PROPOSED FINDINGS AND RECOMMENDED DISPOSITION THIS MATTER is before the Court on three sets of briefing: (1) the Motion to Dismiss (the “Motion to Dismiss”), (Doc. 19), filed by Defendants Liberty Mutual Group, Inc. and Liberty Mutual Auto and Home Services, LLC (collectively, “Liberty Mutual”) on April 20, 2021; Plaintiff Ruben Escano’s Reply in Opposition to Motion to Dismiss, (Doc. 26), filed May 18, 2021; Liberty Mutual’s Reply Brief in Support of the Liberty Defendants’ Motion to Dismiss, (Doc. 34), filed June 1, 2021; and Liberty Mutual’s Notice of Completion of Briefing, (Doc. 35), filed June 1, 2021. (2) The Motion for Judgment on the Pleadings (the “Motion for Judgment on the Pleadings”), (Doc. 30), filed by Defendant ForeverCar, LLC (“ForeverCar”) on May 21, 2021; ForeverCar’s Declaration of Andrew L. Van Houter in Support of Defendant ForeverCar, LLC’s Motion for Judgment on the Pleadings, (Doc. 31), filed May 21, 2021; Mr. Escano’s Response in Opposition to Defendant ForeverCar, LLC’s Motion for Judgment on the Pleadings, (Doc. 37), filed June 4, 2021; ForeverCar’s Reply Memorandum of Law in Support of its Motion for Judgment on the Pleadings, (Doc. 41), filed June 18, 2021; and ForeverCar’s Notice of Completion of Defendant ForeverCar, LLC’s Motion for Judgment on the Pleadings, (Doc. 42), filed June 18, 2021. (3) Mr. Escano’s Motion for Leave to File a Motion to Strike (the “Motion for Leave”), (Doc. 43), filed June 21, 2021; ForeverCar’s Response in Opposition to Plaintiff’s Motion for Leave to File a Motion to Strike ForeverCar’s Third Affirmative
Defense, (Doc. 54), filed July 13, 2021; Mr. Escano’s Reply Memorandum of Law in Support of His Motion for Leave to File a Motion to Strike ForeverCar’s Third Affirmative Defense, (Doc. 56), filed July 27, 2021; and Mr.

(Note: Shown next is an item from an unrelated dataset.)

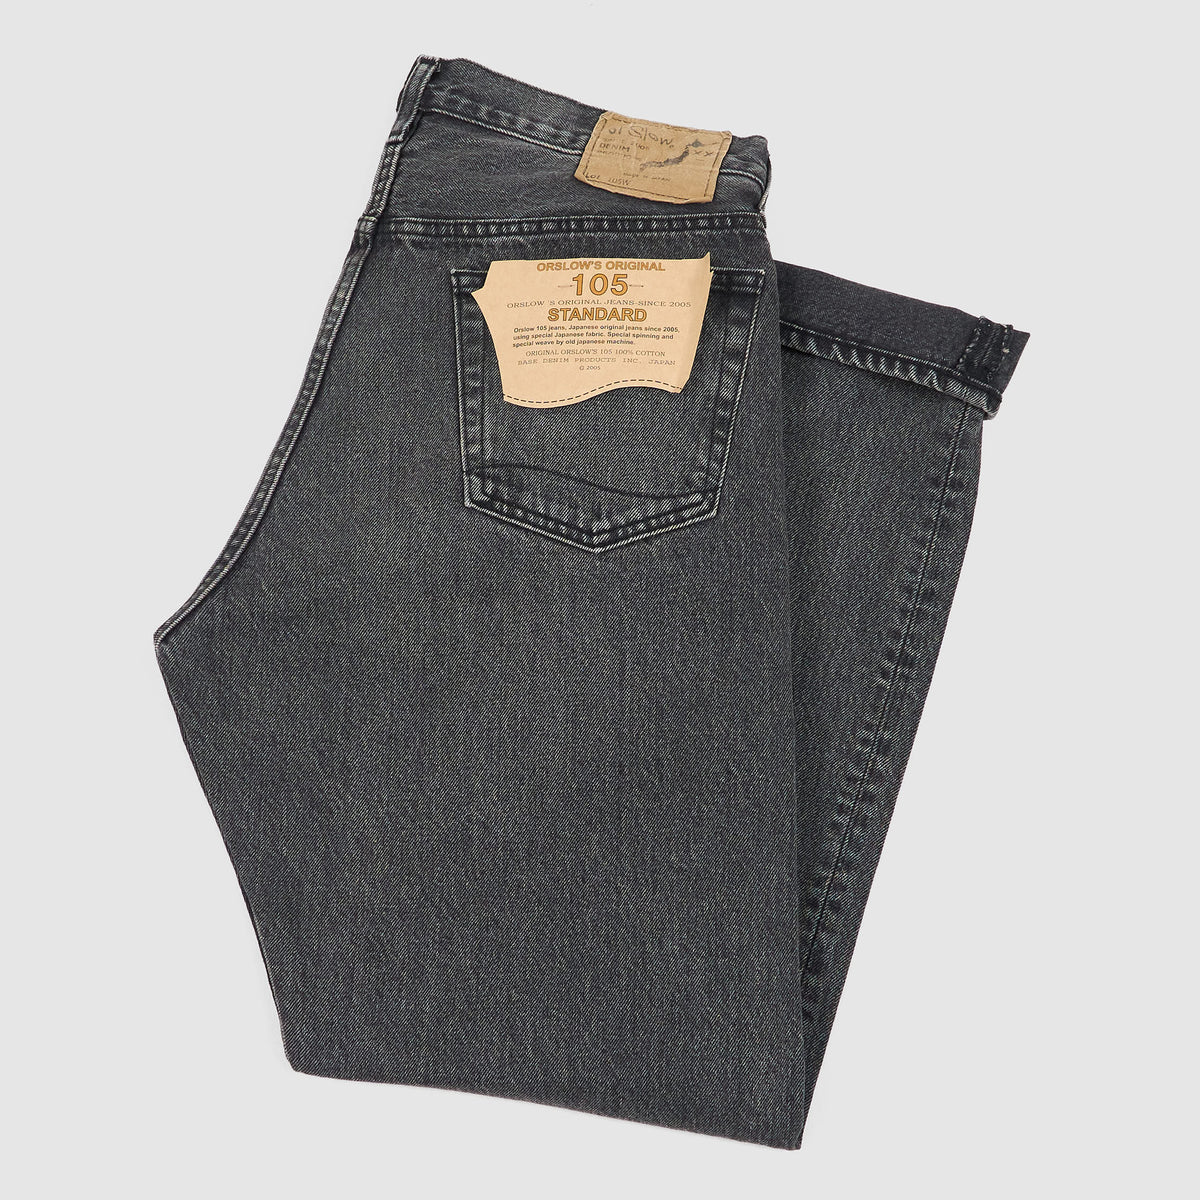 OrSlow 5-Pocket 105 Denim Jeans
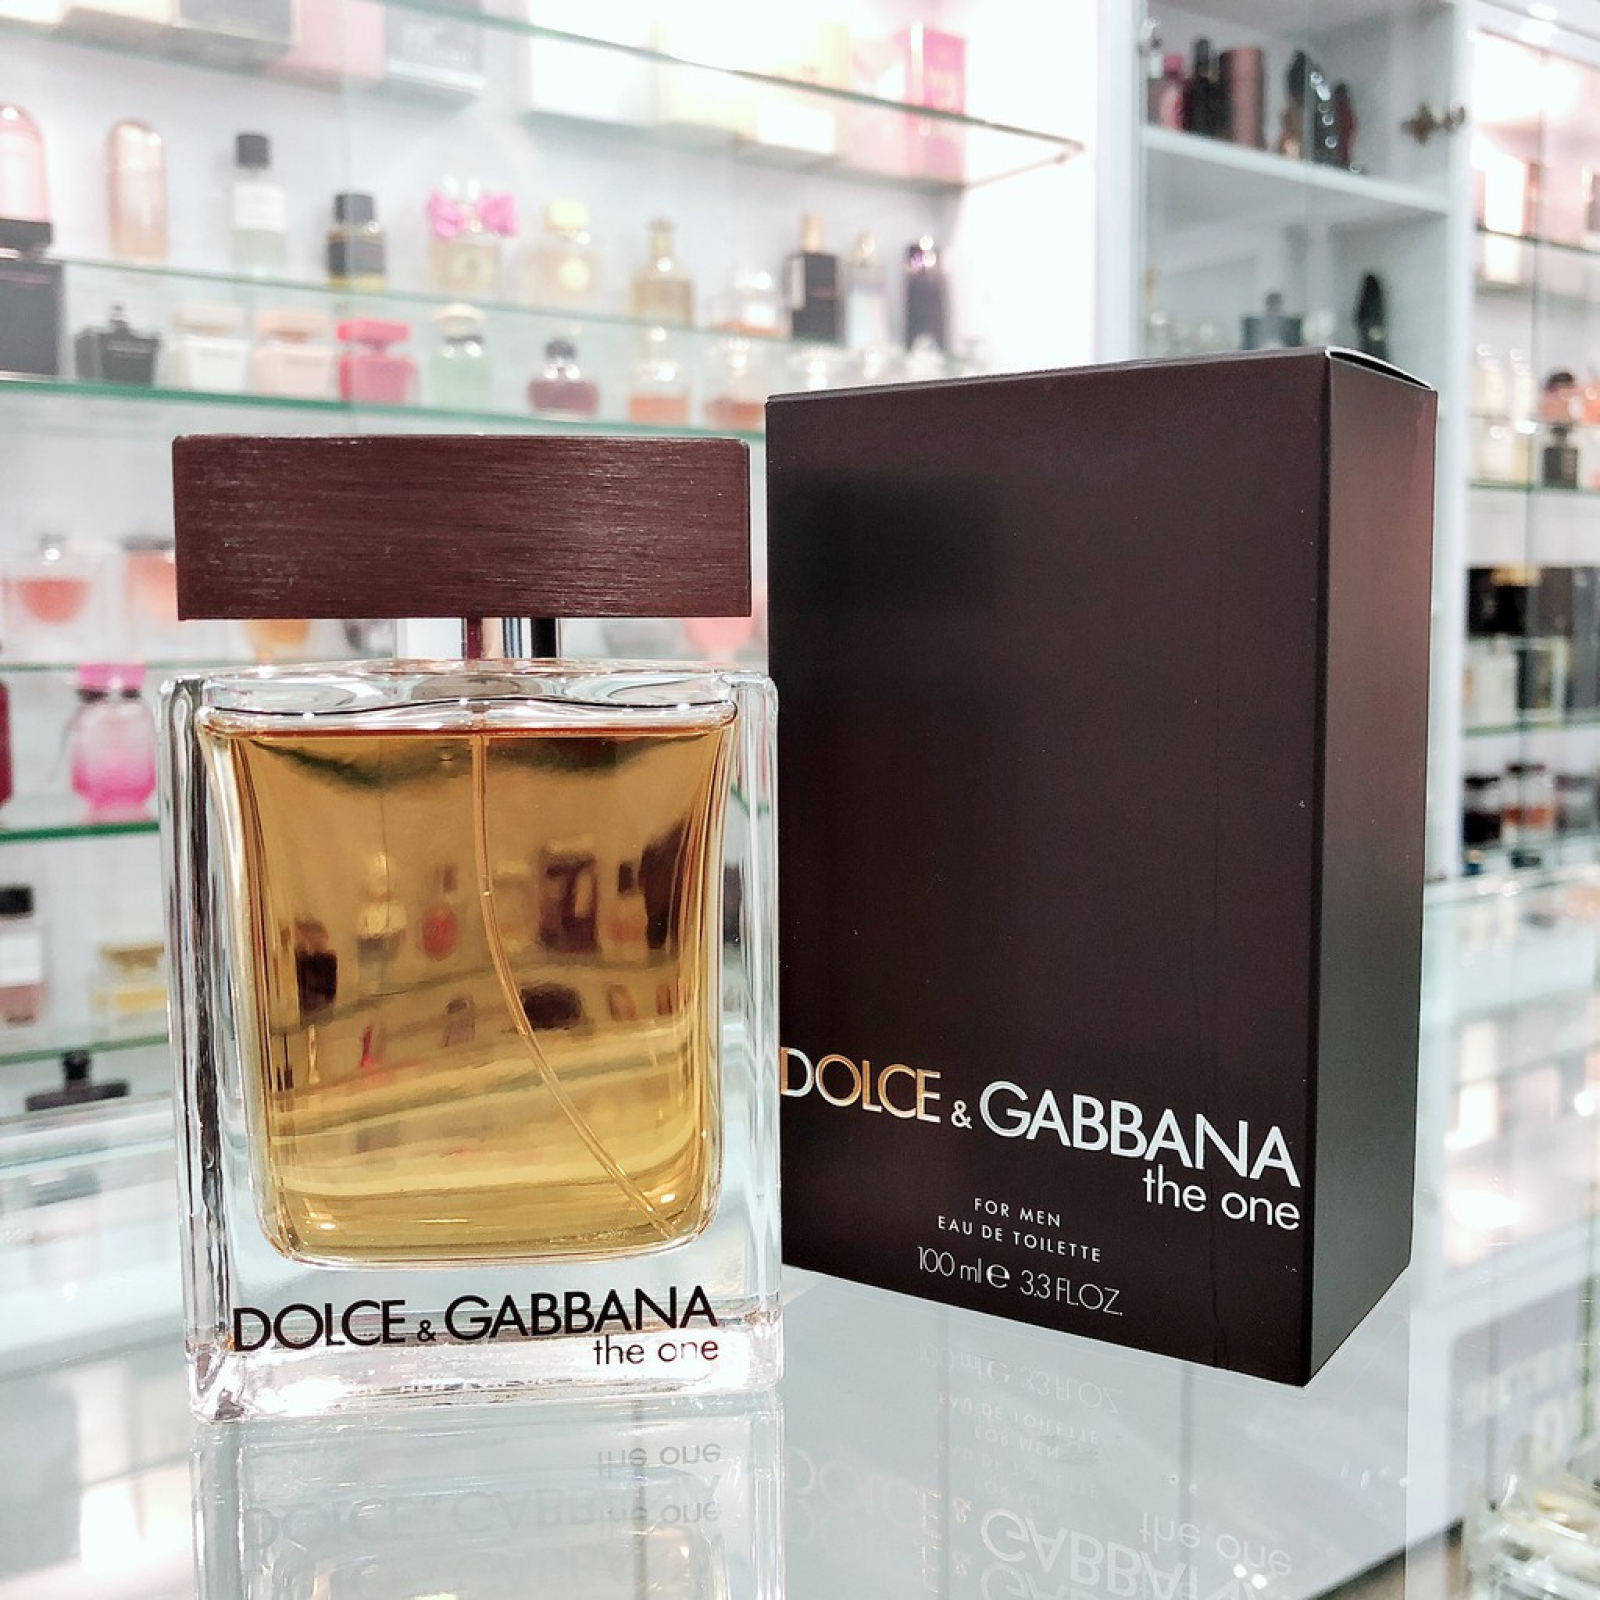 Trùm bán nước hoa cho nam Dolce & Gabbana chính hãng giá rẻ tại tphcm

Escano’s Notice of Completion of Plaintiff Ruben J. Escano’s Motion for Leave to File a Motion to Strike ForeverCar’s Third Affirmative Defense, (Doc. 57), filed July 28, 2021. On August 16, 2021, United States District Judge Martha Vazquez referred this matter to the undersigned to perform legal analysis and recommend an ultimate disposition, pursuant to 28 U.S.C. § 636(b). (Doc. 72). The Court, having considered the parties’ briefing, the record, and the relevant law, RECOMMENDS that Liberty Mutual’s
Motion to Dismiss, (Doc. 19), be GRANTED WITHOUT PREJUDICE; ForeverCar’s Motion for Judgment on the Pleadings, (Doc. 30), be GRANTED WITH PREJUDICE; and Mr. Escano’s Motion for Leave to File a Motion to Strike, (Doc. 43), be DENIED AS MOOT. I. Factual & Procedural Background This lawsuit suit stems from a series of telemarketing robocalls and robotexts Mr. Escano received on his cell phone offering vehicle service contracts. See generally (Doc. 1-1 at 1-18); see also (Doc. 26 at 1, n.1). Mr. Escano alleges that, between February 20, 2020, and February 5, 2021, Defendant Concord Auto Protect, Inc. (“Concord”) and Defendant Alon Salman, “operat[ing] on behalf of and under the direct, implied, or apparent direction of . . . Liberty, . . . transmit[ted]” the twenty-three text messages in question. Id. at ¶ 22. He alleges that, during the same period, ForeverCar, “operat[ing] on behalf of and with the direct, implied, or apparent direction of . . . Liberty, . . . transmit[ted] the at least thirteen calls in question.” Id. at ¶ 22. Mr. Escano alleges
that Defendants transmitted these communications by use of an automatic telephone dialing system (“ATDS”). See id. at ¶¶ 27-62. As a result, Mr. Escano filed this Telephone Consumer Protection Act (“TCPA”) case, proceeding pro se, on February 10, 2021, in the Sixth Judicial District in Grant County, New Mexico. See (Doc. 1-1 at 1-18). In the Complaint, Mr. Escano alleges that the robocalls and robotexts violated the TCPA, 47 U.S.C. § 227, et seq. (Doc. 1-1 at ¶¶ 27-62). He contends that ForeverCar, Concord, and Mr. Salman are directly liable for the transmissions, and that Liberty Mutual is either directly or vicariously liable. Id. at ¶¶ 63, 65, 67, 68. For these alleged violations of the TCPA, Mr. Escano seeks $61,500 in
statutory damages, trebled to $184,500. Id. at 18. On March 12, 2021, Liberty Mutual removed this action to the United States District Court for the District of New Mexico. (Doc. 1). On April 20, 2021, ForeverCar filed its Answer, (Doc. 17), and Liberty Mutual filed a responsive pleading in the form of the instant Motion to Dismiss, (Doc. 19). The two other Defendants, Concord and Mr. Salman, have not filed responsive pleadings. Thus, on August 6, 2021, the Clerk of the Court entered default against Concord and Mr. Salman, but the Court ultimately denied without prejudice Mr. Escano’s request for a default judgment. See (Doc. 62); (Doc. 71 at 1-2); see also (Doc. 67 at 11-12). To date, Mr. Escano has not refiled a motion for default judgment against these two Defendants. Before the Court now is Liberty Mutual’s responsive pleading—the Motion to Dismiss—as well as ForeverCar’s Motion for Judgment on the Pleadings, and Mr. Escano’s Motion to Strike. The Court will consider each motion in turn.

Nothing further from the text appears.